Social Protection in a Context of Fragility

Social protection has increasingly been considered as a policy-level intervention for reducing vulnerability and extreme poverty, and this can take on a variety of forms. However, increasing attention has also been given to conceptualising social protection – and we wish to look specifically at cash transfer programmes here – as playing an even broader role, one that contributes developmentally and structurally to the transformation of a society. As such, this paper wishes to consider these potentialities of social protection for more specific application and consideration in contexts of fragile states.
The notion of fragility is a complex one and is often very subjectively determined. However, at its root, fragility speaks to a state’s feeble political processes to manage changes in the state-society relationship, and a consequent inability or reluctance to deliver on pro-poor policies. As such, there are significant challenges to the conceptualisation and implementation of social protection programmes in fragile states.
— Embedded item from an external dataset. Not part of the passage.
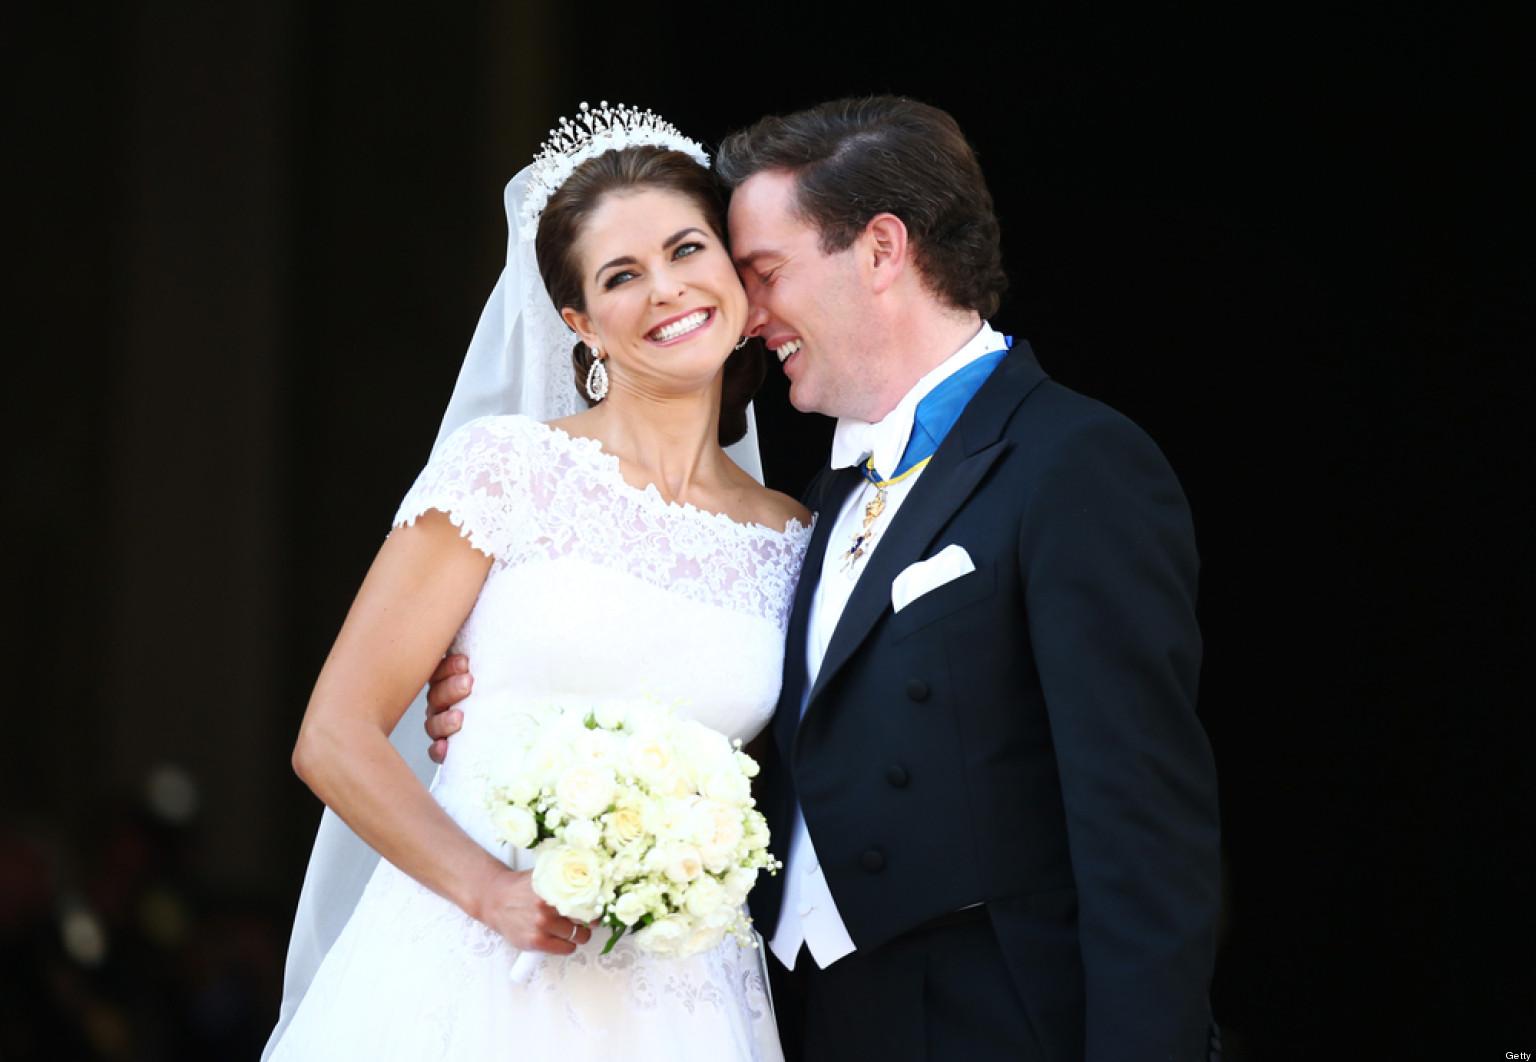 Свадьба шведской принцессы мадлен фото
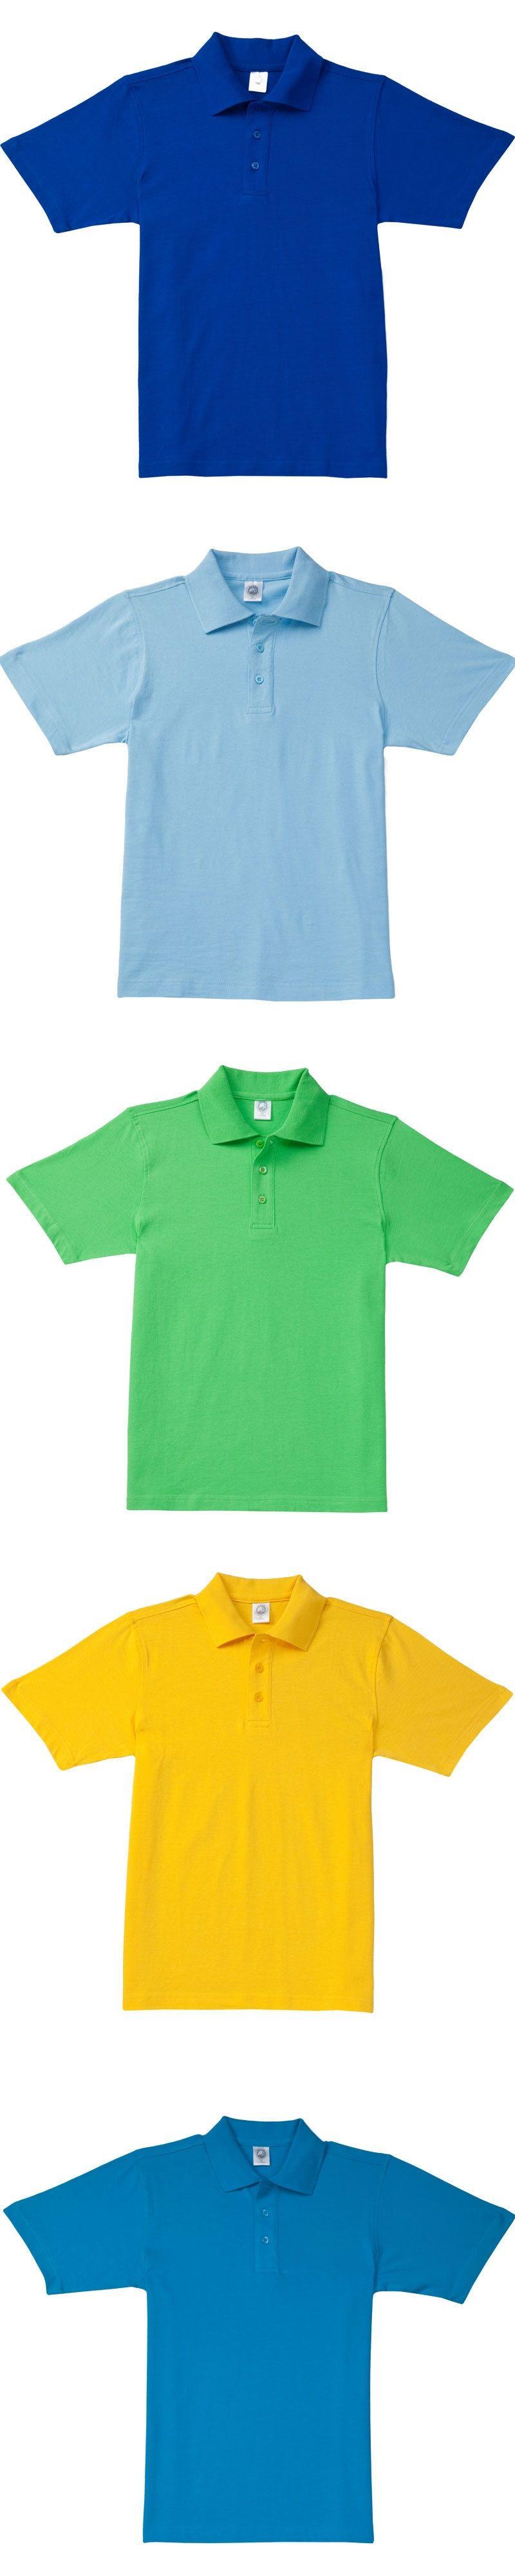 Slim Fit White T Shirt Wholesale

If conceptualised more broadly than simply addressing vulnerability and extreme poverty, social protection mechanisms could play a significant role in a fragile state’s progress towards stability through the reduction of vulnerability amongst its citizens, through a renewed social contract with its citizens, strengthened legitimacy amongst its citizenry, and through improved governance of its polity.
These are key components to the transformation of a state from fragility to stability, of the transformation of a citizenry from vulnerability to resilience, and for the graduation of people in poverty to people who play a significant political and socioeconomic contribution to their environment. This paper hopes to explore social protection more broadly conceptualised through a governance perspective in order to understand its various potentialities in a context of fragility. After the conclusionof the theoretical premises of the paper, it explores these issues practically through three case studies: Rwanda, Sierra Leone, and the Democratic Republic of Congo, contextualising social protection in fragility.